La postura corporal, clave en la aparición de celulitis

Como sabemos, la celulitis es una alteración multifactorial en cuyo desarrollo convergen detonantes de carácter diverso: exceso de grasa acumulada, hábitos poco saludables y componentes circulatorios, hormonales y genéticos. Yvette Pons, especialista en bioestética funcional, quien ha dedicado años a estudiar la relación entre postura y microcirculación en el tejido corporal, desvela otro mecanismo, más complejo y desconocido, pero igualmente implicado en la aparición de la celulitis y en el que se ve involucrada la biomecánica del cuerpo.

Chica pellizcándose la nalga

Yvette Pons explica que la celulitis es una patología relacionada con la microcirculación y originada por un déficit del flujo sanguíneo y linfático, lento y obstruido.

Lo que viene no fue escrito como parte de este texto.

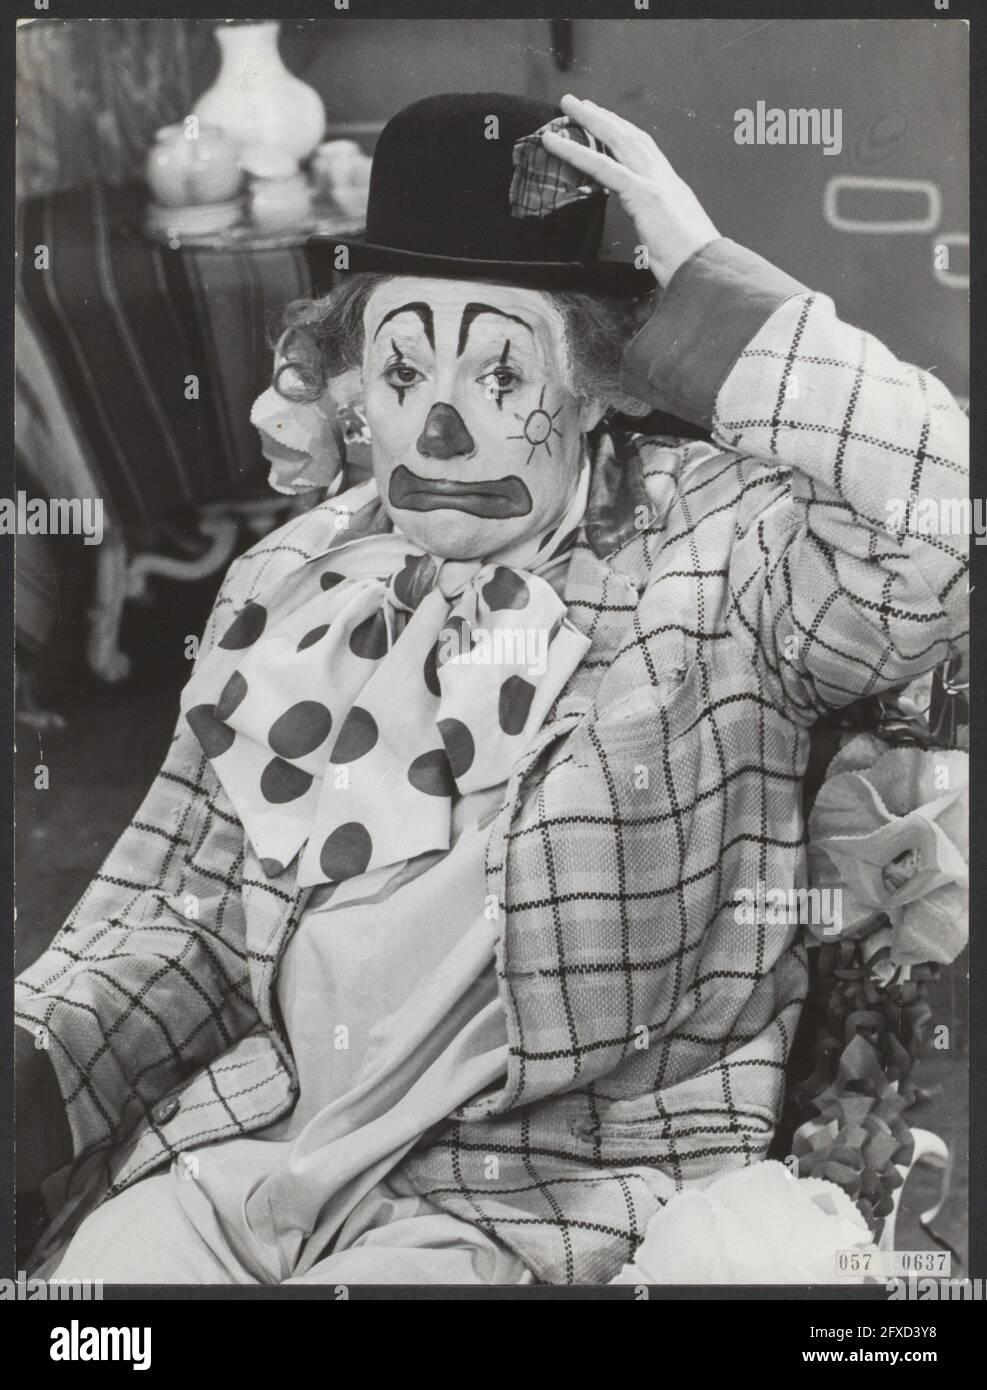 Pipo The Clown (Cor Witschge), 14 febbraio 1962, programmi di intrattenimento, clown, Ritratti, programmi televisivi, Paesi Bassi, foto agenzia stampa del XX secolo, notizie da ricordare, documentario, fotografia storica 1945-1990, storie visive, Storia umana del XX secolo, che cattura momenti nel tempo Foto Stock

Ello acaba por desencadenar un proceso edematoso denso, proteico y fibroso, que comprime los tejidos y genera una lipodistrofia: distribución desorganizada de la grasa.

Factores de carácter secundario, como sedentarismo, mala alimentación, estrés, menstruación y toma de anticonceptivos pueden intensificar este mecanismo de estasis circulatoria. 

Sin embargo, la forma en la que nos movemos y sostenemos nuestro cuerpo  desempeña igualmente un papel fundamental. 

POSTURA Y CELULITIS: VÍNCULO DIRECTO

 

Tras años de análisis y observación, esta experta llegó a la conclusión de que personas con morfologías y posturas similares tienden a desarrollar celulitis en las mismas áreas. La identificación de este patrón la llevó a profundizar en la relación entre postura, apoyo del pie y desarrollo de tejido fibroedematoso. La conclusión de este estudio es que cualquier desalineación postural, ya sea por la pelvis o el apoyo de los pies, genera compensaciones musculares, fasciales y articulares que afectan al sistema sanguíneo y linfático, así como a la disposición de los adipocitos.

Veamos dos ejemplos:

  • Pie pronado El peso se apoya hacia dentro, provocando rotación interna de tibia y fémur, anteversión de la pelvis e hiperlordosis lumbar. Esto favorece la acumulación de celulitis en la parte interna de rodillas, caderas y muslos. 
  • Pie supinado El peso se apoya hacia fuera, generando rotación externa en la pierna y retroversión pélvica. Esto hace que la celulitis tienda a aparecer en glúteos, muslos y flancos. 

Yvette Pons concluye que la celulitis postural se origina por modificaciones biomecánicas miofasciales, exceso de tensión, rigidez y pérdida de tono muscular. Esto compromete la microcirculación y ralentiza la evacuación de líquidos, promoviendo la formación del tejido fibroedematoso geloide, que es lo que conocemos como celulitis.

Y para acabar lanza una pregunta: Si el tejido, y en consecuencia sus funciones, responde y se reorganiza con el movimiento de cuerpo, ¿tiene sentido abordarlo únicamente desde la superficie?